[hfs-user] Catalog File Size (HFS+)
Mark Day
mday@apple.com
Fri, 23 Apr 2004 10:59:11 -0700
On Apr 23, 2004, at 6:36 AM, Pierre Duhem wrote:
> Is there a recommendation by Apple concerning the size of the Catalog
> File (and of the Extents Overflow File), depending on the size of the
> physical drive?
There is no official recommendation, but I'll describe the default
behavior in Mac OS X version 10.3. If you're curious, you can download
the sources for newfs_hfs from Mac OS X 10.3; it is part of the
diskdev_cmds project in Darwin. The URL is:
<http://www.opensource.apple.com/darwinsource/tarballs/apsl/
diskdev_cmds-277.1.tar.gz>
For volumes less than 1GB, the default catalog node size is 4KB; for
larger volumes, the default is 8KB. The default extents node size is
4KB.
The default sizes of the catalog and extents files vary with the size
of the volume. For volumes less than 1GB, the default size for both
B-trees is 1/128 of the size of the volume, but at least 8 nodes. For
larger volumes, the following table gives the default sizes:
short clumptbl[CLUMP_ENTRIES * 2] = {
/*
* Volume Catalog Extents
* Size Clump (MB) Clump (MB)
*/
/* 1GB */ 4, 4,
/* 2GB */ 6, 4,
/* 4GB */ 8, 4,
/* 8GB */ 11, 5,
/* 16GB */ 14, 5,
/* 32GB */ 19, 6,
/* 64GB */ 25, 7,
/* 128GB */ 34, 8,
/* 256GB */ 45, 9,
/* 512GB */ 60, 11,
/* 1TB */ 80, 14,
/* 2TB */ 107, 16,
/* 4TB */ 144, 20,
/* 8TB */ 192, 25,
/* 16TB */ 256, 32
};
The "clump size" here is both the initial size of the B-tree (in
megabytes), and is the default amount to grow the tree by when it gets
full. These numbers are not special; they are educated guesses based
on general usage.
When initializing a volume, I suggest that the bitmap (allocation file)

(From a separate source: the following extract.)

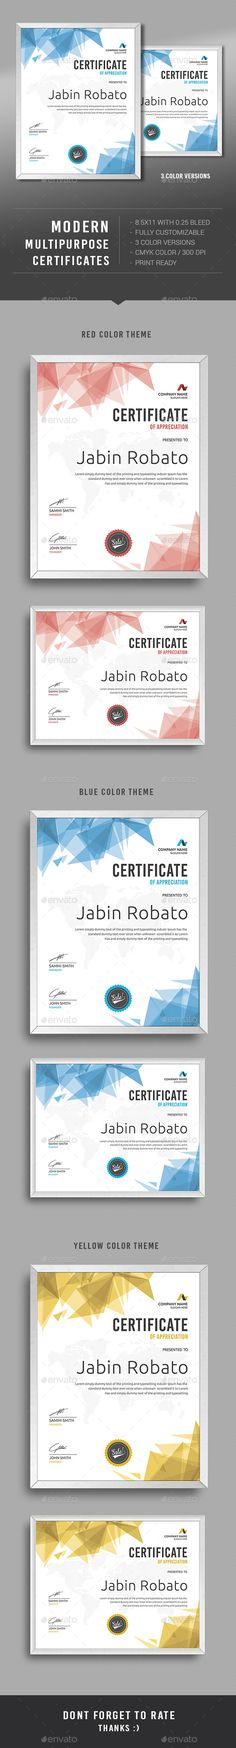 Modern Multipurpose Certificates Template PSD. Download here: http://graphicriver.net/item/modern-multipurpose-certificates/12869634?ref=ksioks

and extents B-tree come before (lower disk addresses) than the catalog
B-tree. Also, set up the nextAllocation field of the volume header to
be well past the end of the catalog (perhaps 2-4 times the size of the
catalog beyond the end of the catalog). This gives the catalog lots of
room to grow contiguously as you initially populate the volume, but
lets you eventually use the space for data if the catalog doesn't need
to grow that much.
> Which threshold would be reasonnable to switch to 8192-byte nodes?

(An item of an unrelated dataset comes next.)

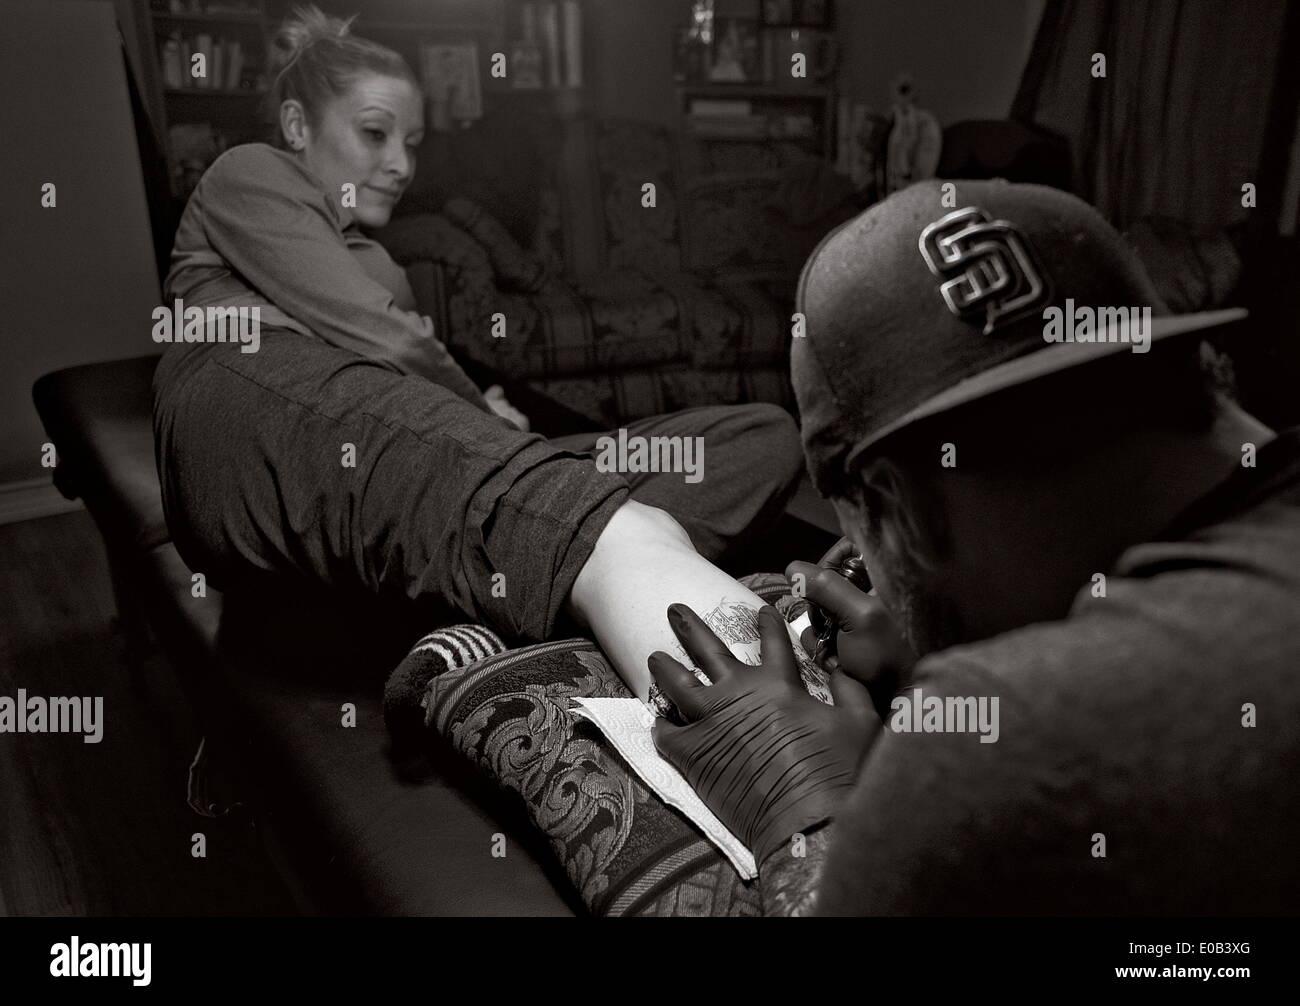 Jan 30 2014 columbus mississippi u s paulie for Tattoo removal columbus ohio cost

Apple's default is 1GB or larger volumes. We noticed a non-trivial
performance gain when using 8KB nodes compared to 4KB nodes, due to the
large number of pathname lookups in Mac OS X. The performance
difference was negligible for Mac OS 8 and 9 (where applications use
the parent directory ID and leaf name much more often than full path
names).
> Is it reasonnable to think that, for the time being, 8192 is the
> biggest node size to be used?
It's the largest default node size created by any Apple OS. But it is
possible for nodes to be as large as 32KB.
The HFS Plus volume format is described here:
<http://developer.apple.com/technotes/tn/tn1150.html>
That technical note was updated at the beginning of March, 2004. A lot
of information related to Mac OS X (including the journal, metadata
zone, and a case-sensitive variant) was added in that update.